= TASK DIRECTIONS =
From the line holding "Festival de Teatro" through the line holding "Kouma + Horta + Manbo + Bandini" below, write out every line exactly; include both of those lines and drop the pictures.

= RECORDS SUPPLIED =

-=-=-

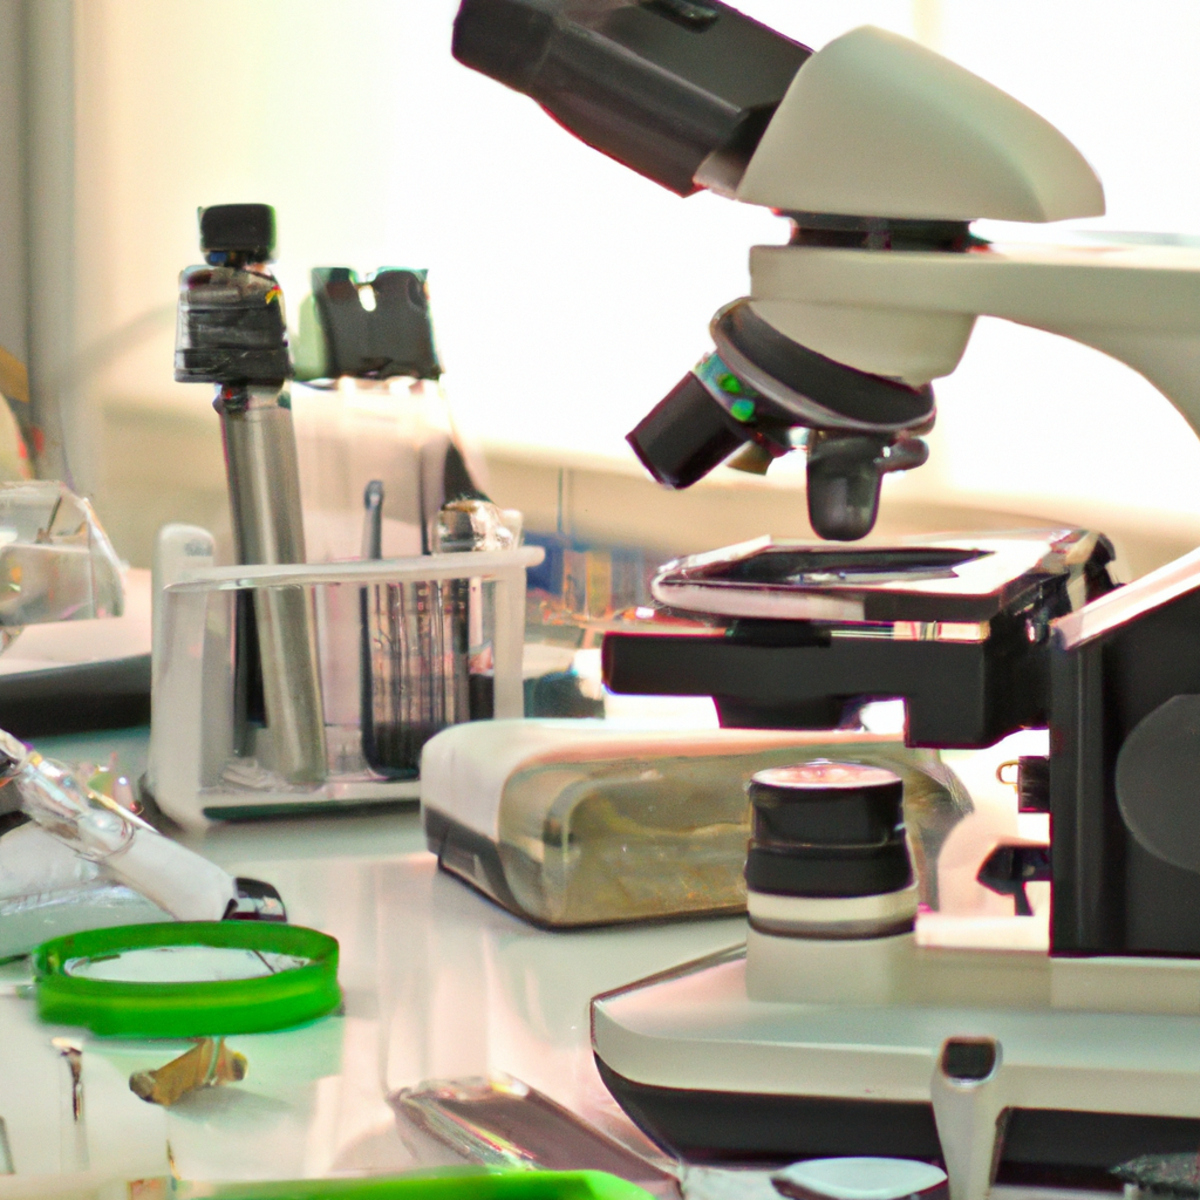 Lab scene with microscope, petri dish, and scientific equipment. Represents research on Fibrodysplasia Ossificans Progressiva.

-=-=-

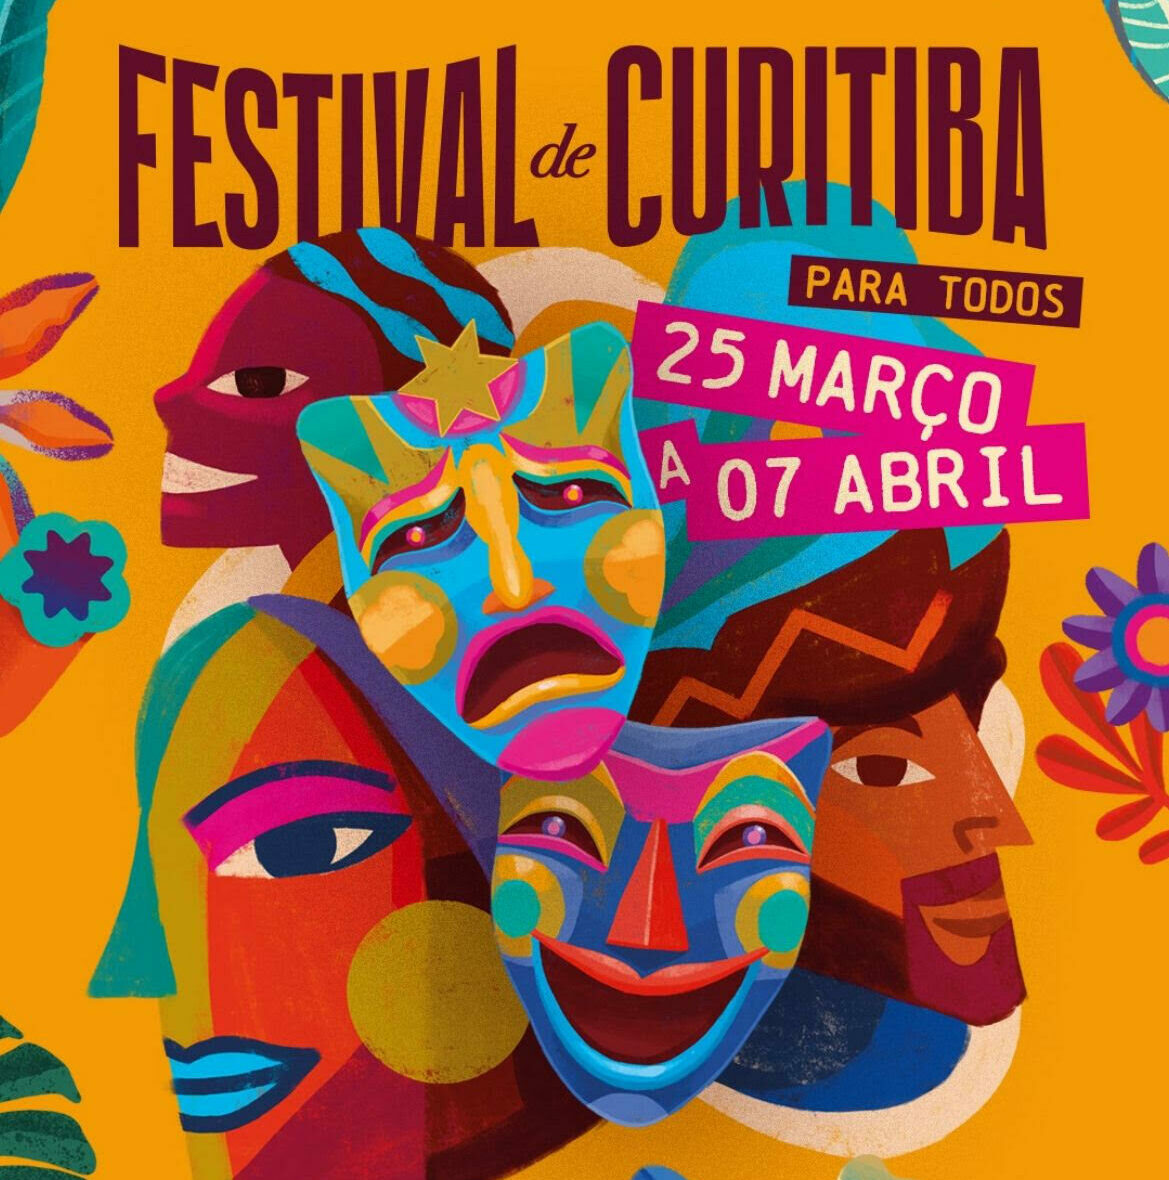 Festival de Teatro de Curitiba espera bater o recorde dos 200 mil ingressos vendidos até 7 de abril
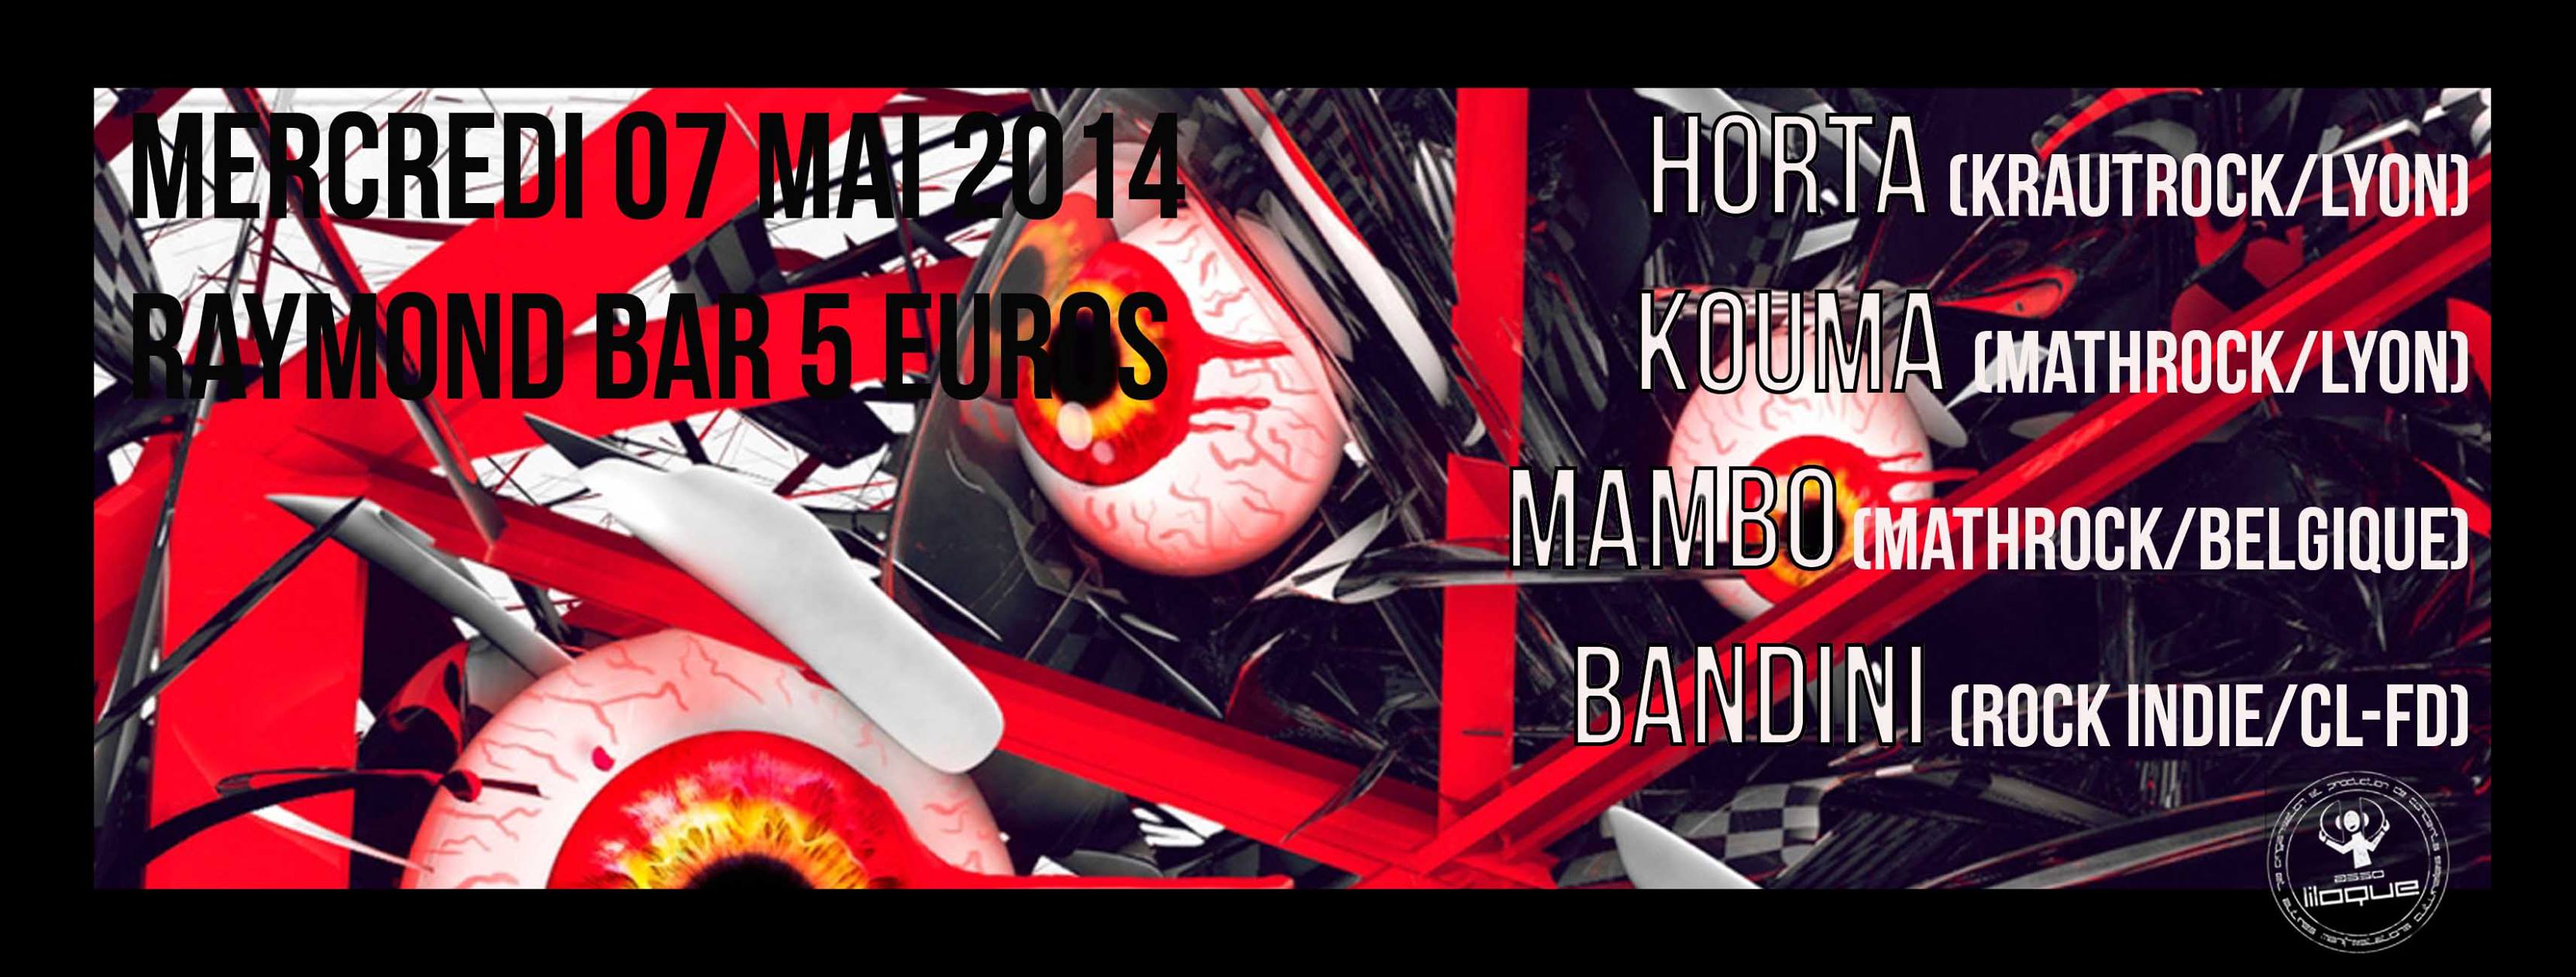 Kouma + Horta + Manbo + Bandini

-=-=-

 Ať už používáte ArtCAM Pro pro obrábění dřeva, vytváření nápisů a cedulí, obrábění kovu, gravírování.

-=-=-

= YOUR SOLUTION =
 Festival de Teatro de Curitiba espera bater o recorde dos 200 mil ingressos vendidos até 7 de abril
 Kouma + Horta + Manbo + Bandini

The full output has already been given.